- _To do_: Give exactly the lines from the one with "luxury2 - The" through the final line of the listing below, both included, leaving out any pictures.

- _Given material_:
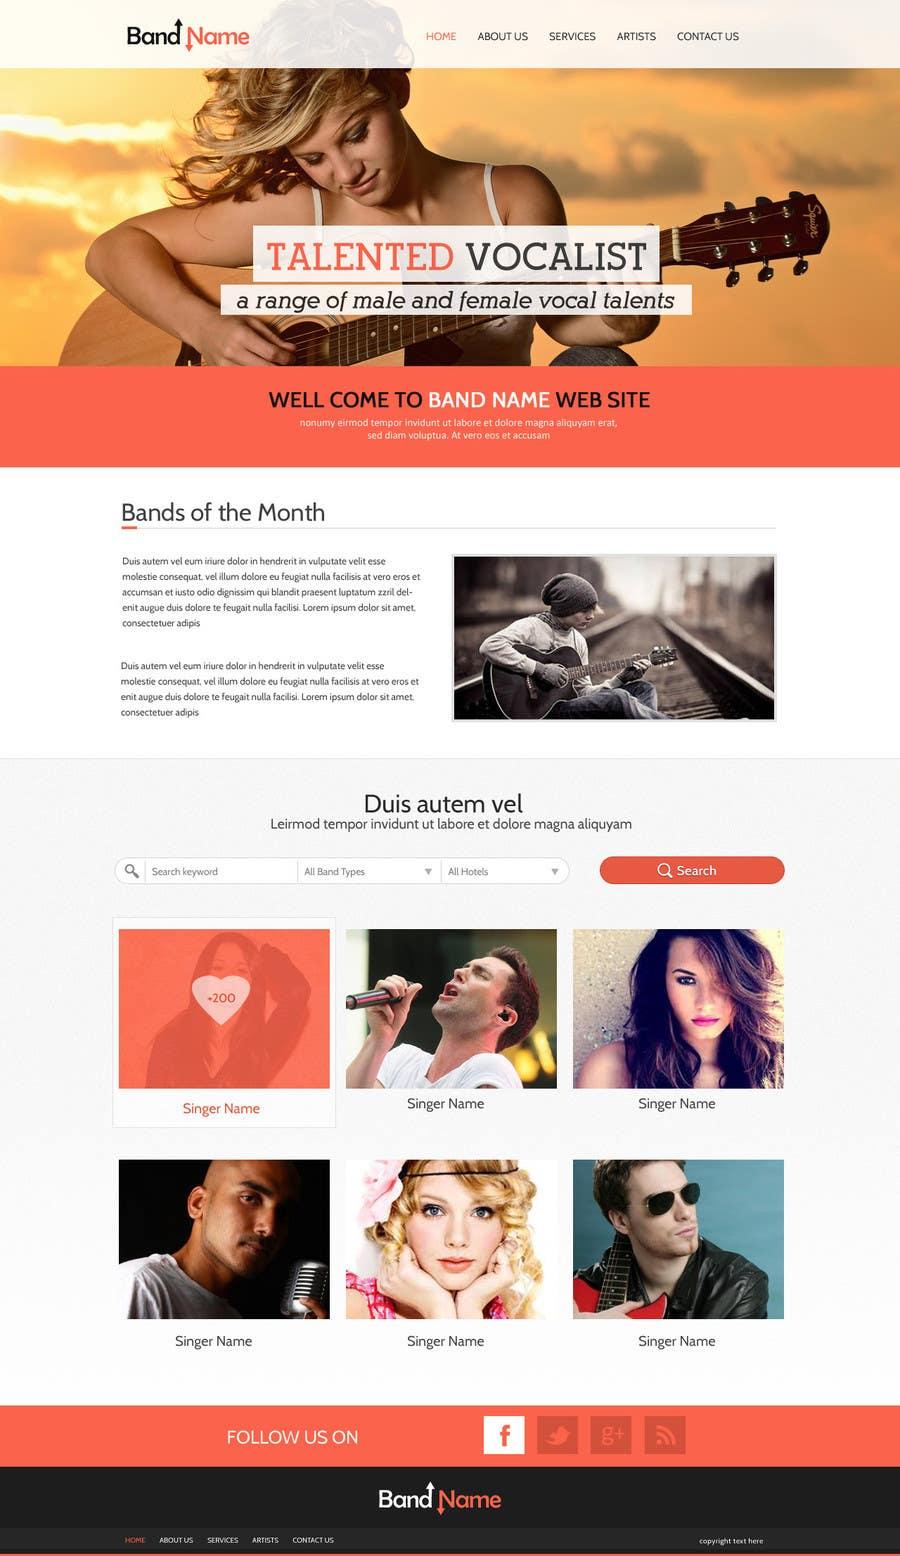 Bài tham dự cuộc thi #                                        11                                      cho                                         Design a Website for Music Band introduction site
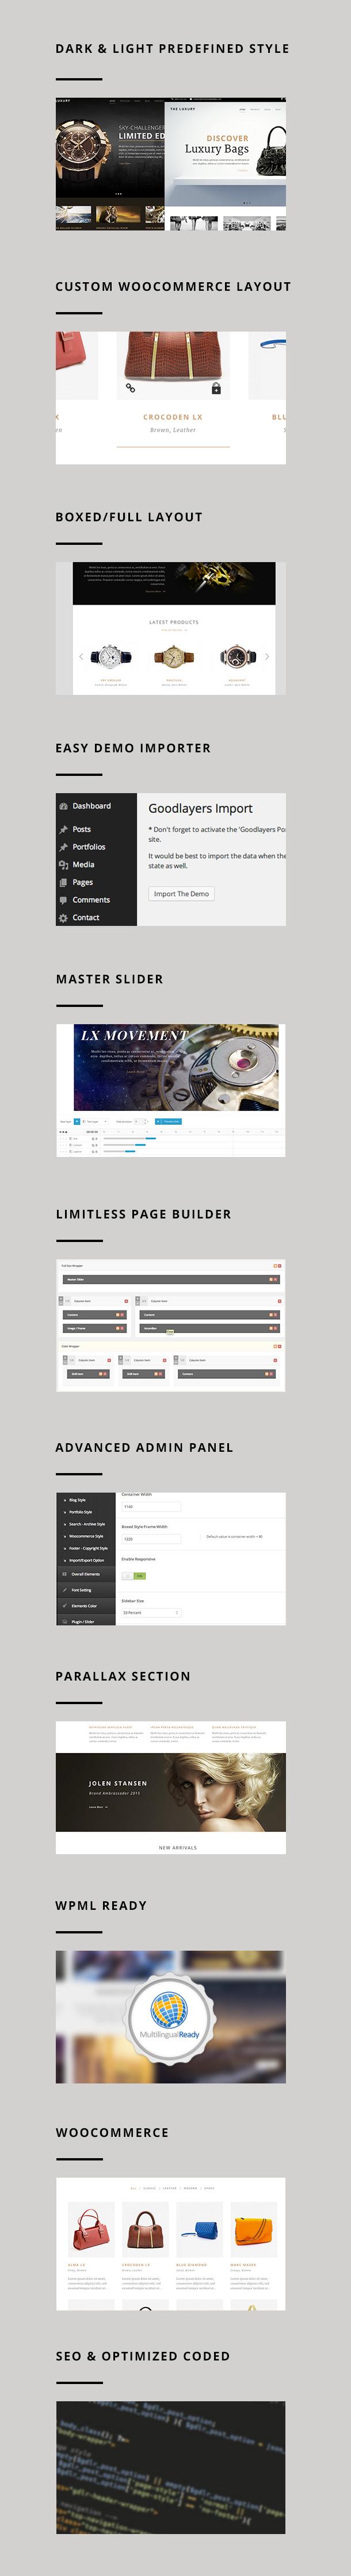 luxury2 - The Luxury - Dark/Light Responsive WordPress Theme
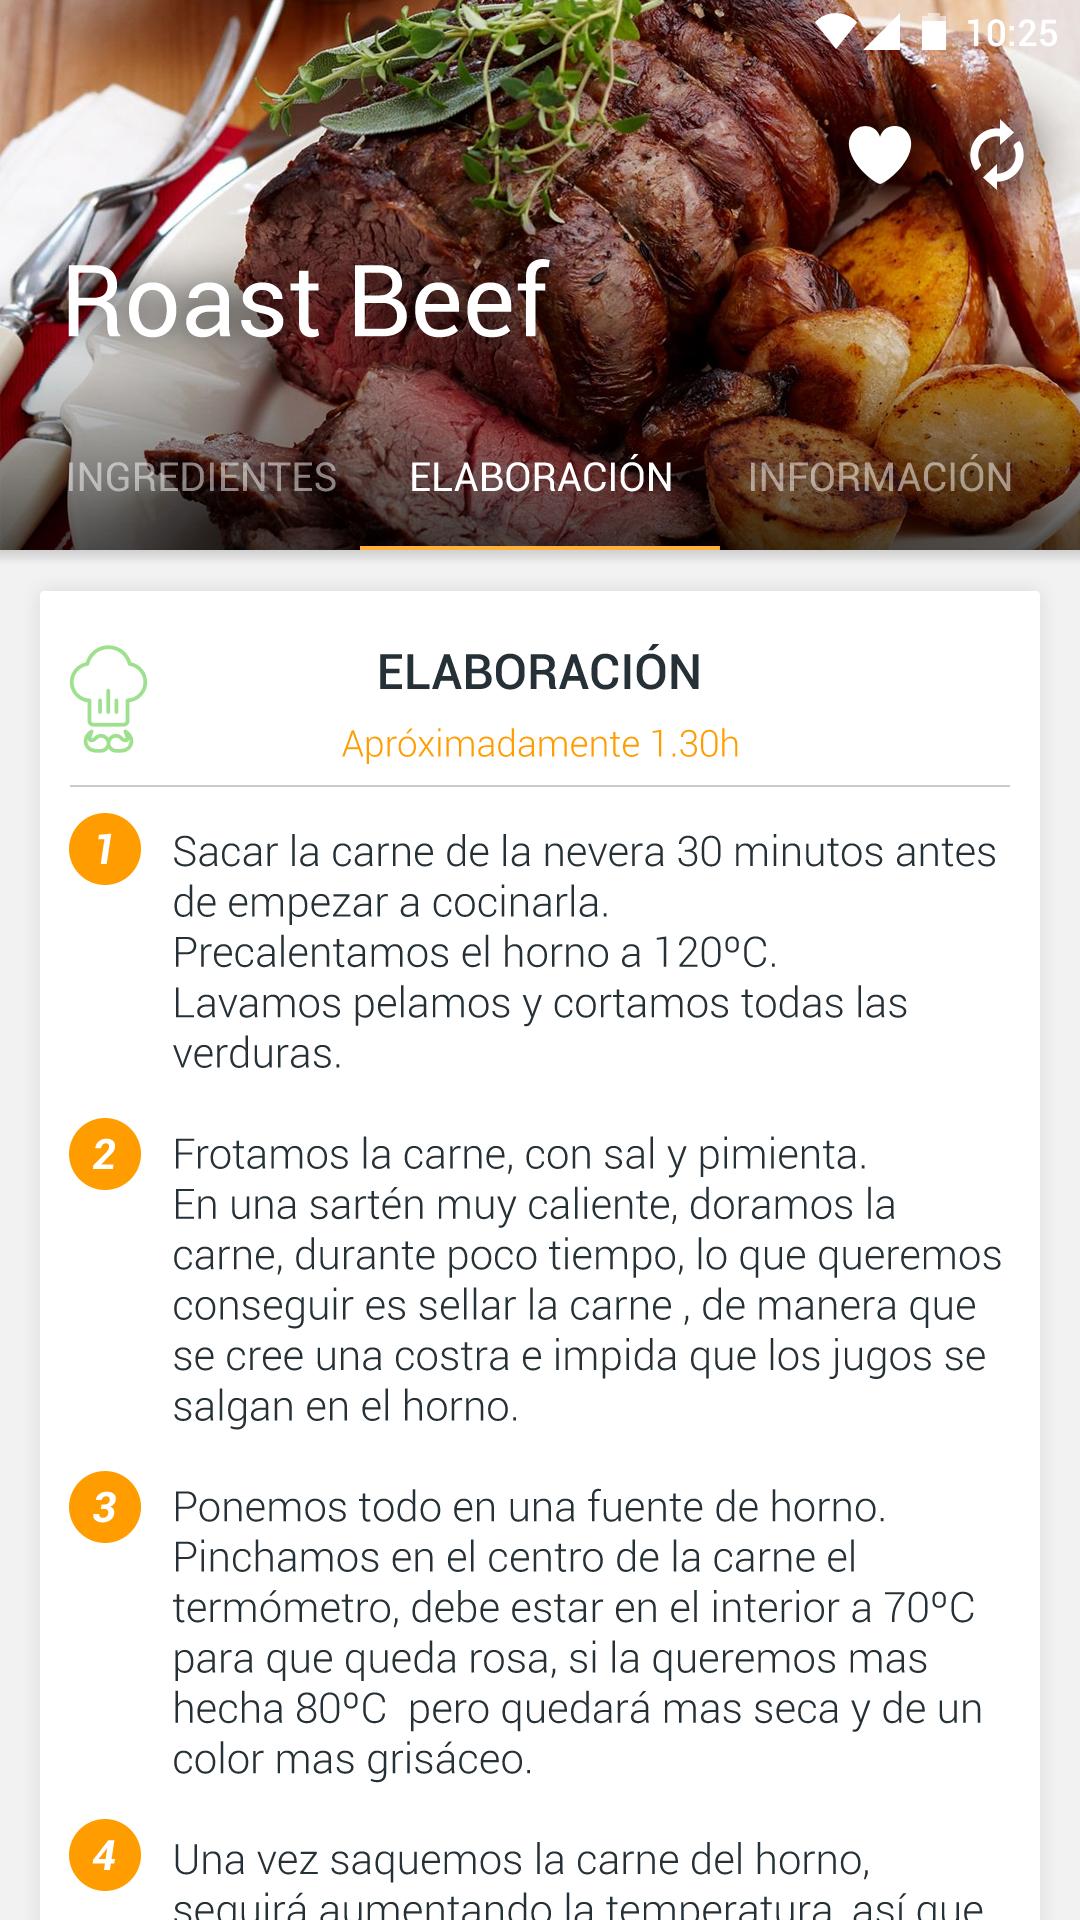 04_RECETA_ELABORACION.png

- _Response to this exercise_:
 luxury2 - The Luxury - Dark/Light Responsive WordPress Theme
 04_RECETA_ELABORACION.png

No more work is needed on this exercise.